The cave Blaize had found for their campsite was a gap in a cliff face that backed a broad ledge overlooking a valley. The ledge was fifty feet deep, so they had to go fairly close to the edge to look down on the villages below. There were half a dozen, most clearly seen in morning and evening, when their cookfires rose from the patchwork fields below.

Gar insisted they use green wood for their own campfire. He wanted plenty of smoke so the villagers below would notice. Mira and Blaize dutifully scooted around the fire whenever the wind changed, trying to cook food that wouldn’t smell like pine or spruce.

When they weren’t chopping wood or hauling water, though, they took lessons from Alea or Gar, whichever one wasn’t meditating at that moment. The two of them taught the younger people the Tao Te Ching, of course, reading it to them—but they also insisted Mira and Blaize learn to read it for themselves. Reading led to writing, and before they knew it, Mira and Blaize were actually putting the sounds of the letters together to make words, and words to make sentences—slowly at first, haltingly, but writing.

Blaize looked up at Alea in awe. “Why didn’t Arnogle teach me this?”

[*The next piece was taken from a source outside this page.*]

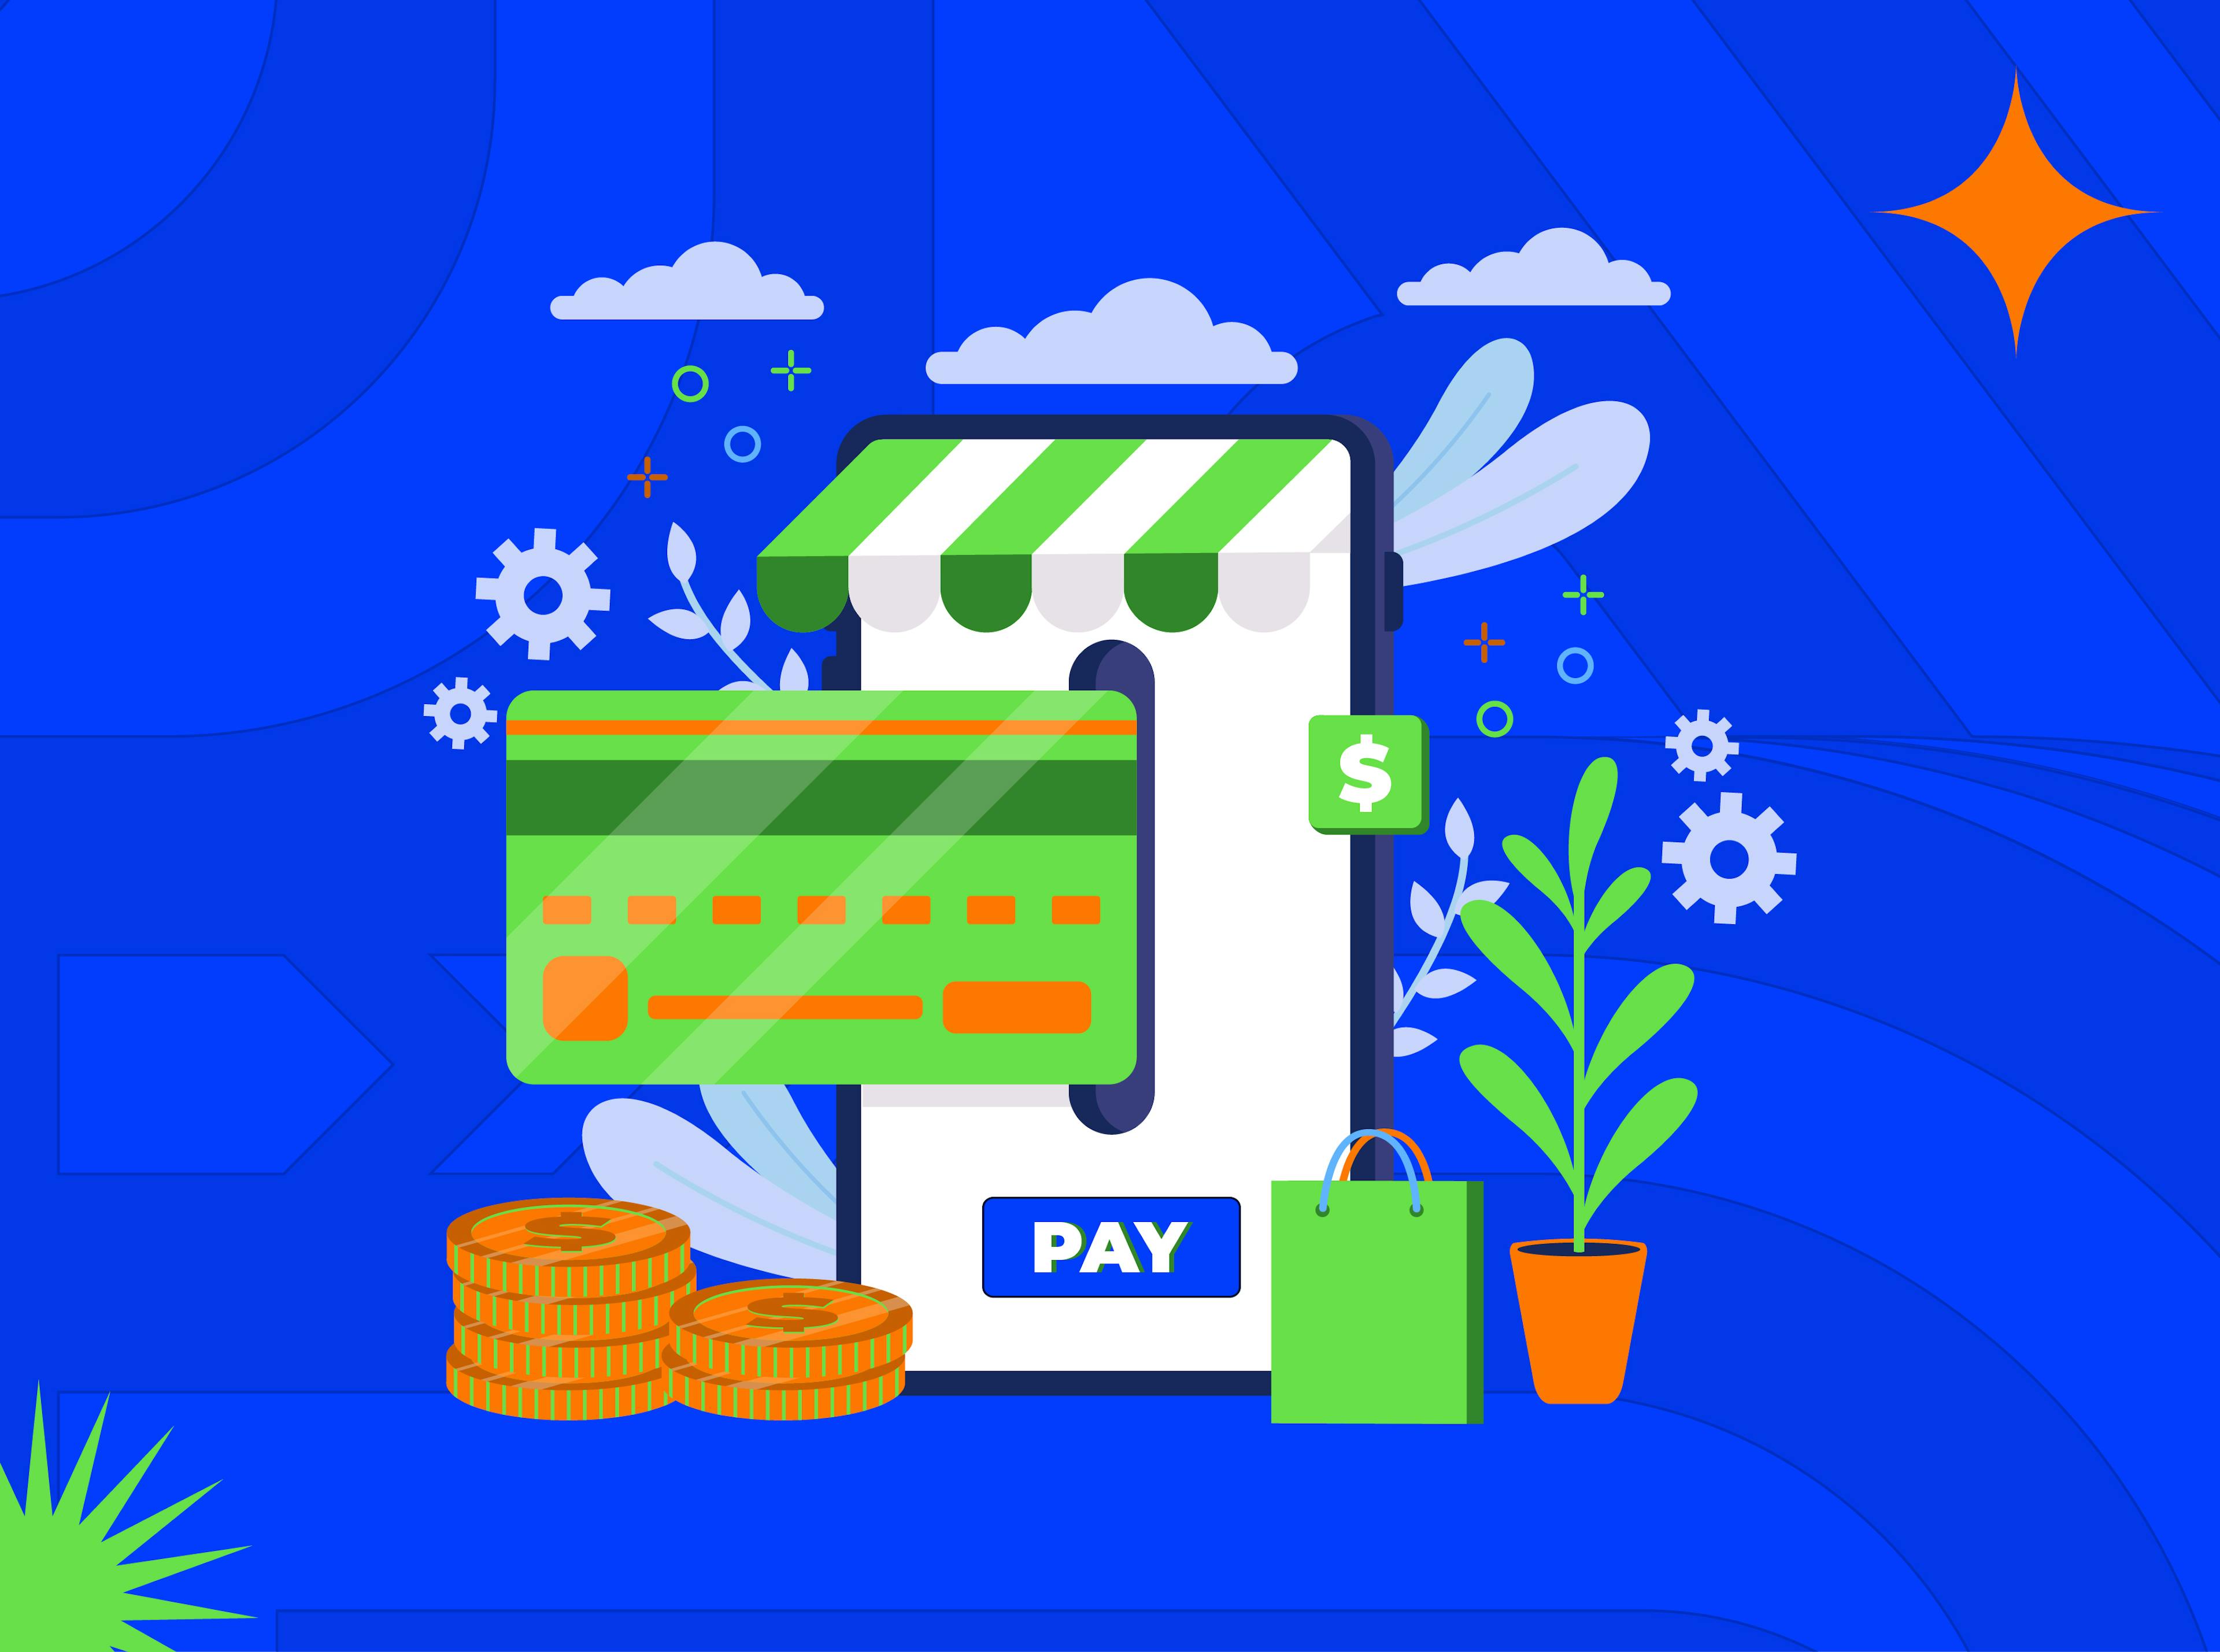 How to create your own payment gateway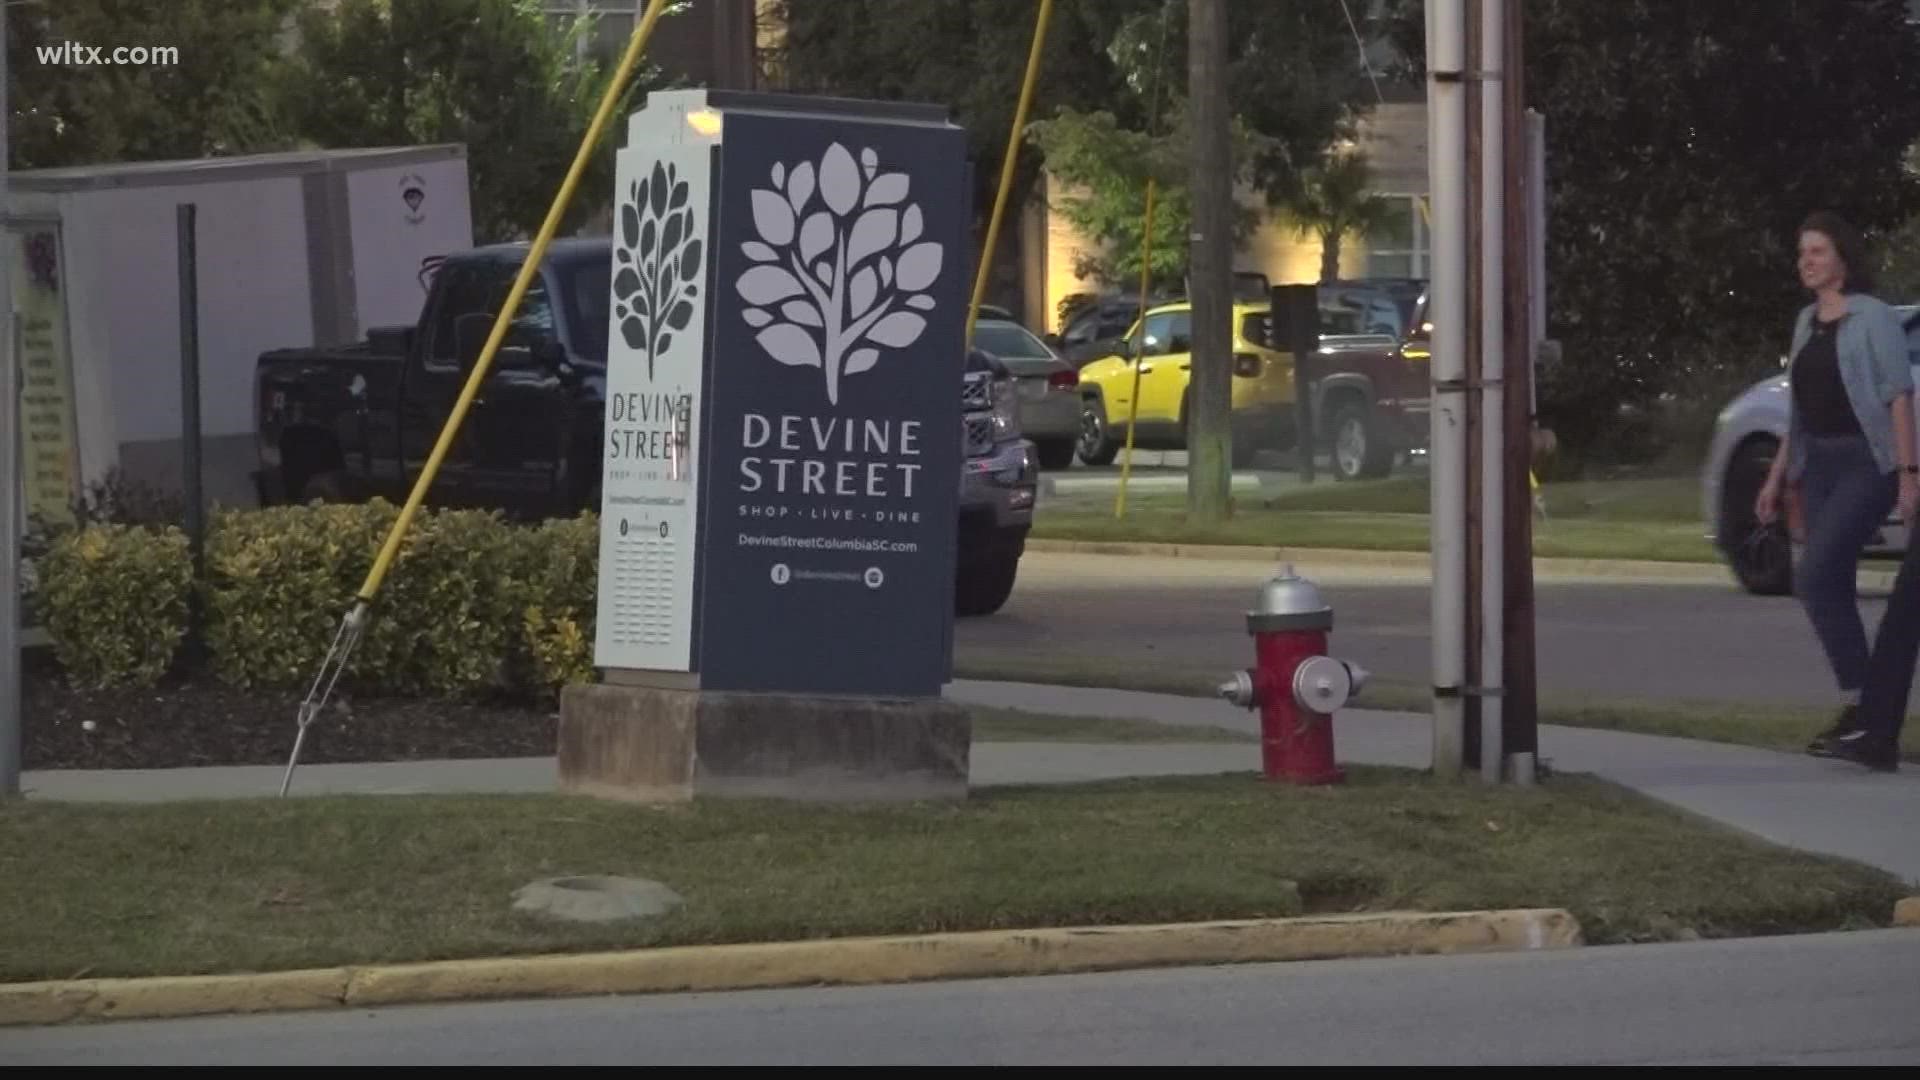 Columbia's Devine Street District continues to grow with new restaurants, apartments and shops opening.

“Perhaps he didn’t know it himself,” she answered. “Was the magic he taught you written in books?”

“No, he told me about it and coached me in trying it.” Blaize frowned. “But it should have been written down—at least the part of it that you don’t have to feel for yourself.”

“Maybe you can explain what it feels like,” Alea suggested. “Maybe I can.” Blaize picked up his pen and began to write. Mira looked on, wondering if she was watching the writing of the first book of magic and wondering also how she felt about that.

The two wanderers also taught Blaize and Mira to meditate. “You can’t just read about the Tao,” Gar explained. “You have to experience it.” He sat cross-legged before them, teaching them to slow their breathing, to let their emotions smooth out and their thoughts calm and fade so that they could really begin to sense the world around them and feel for the Tao, the harmony of wind and tree, earth and fire.

Still, there were chores to be done. “You’ll have to do the scutwork,” Gar told the younger duo. “The peasants are growing so curious that they’ll begin to sneak up and spy on us, and they won’t believe Alea and I are sages if they see us scouring pots.”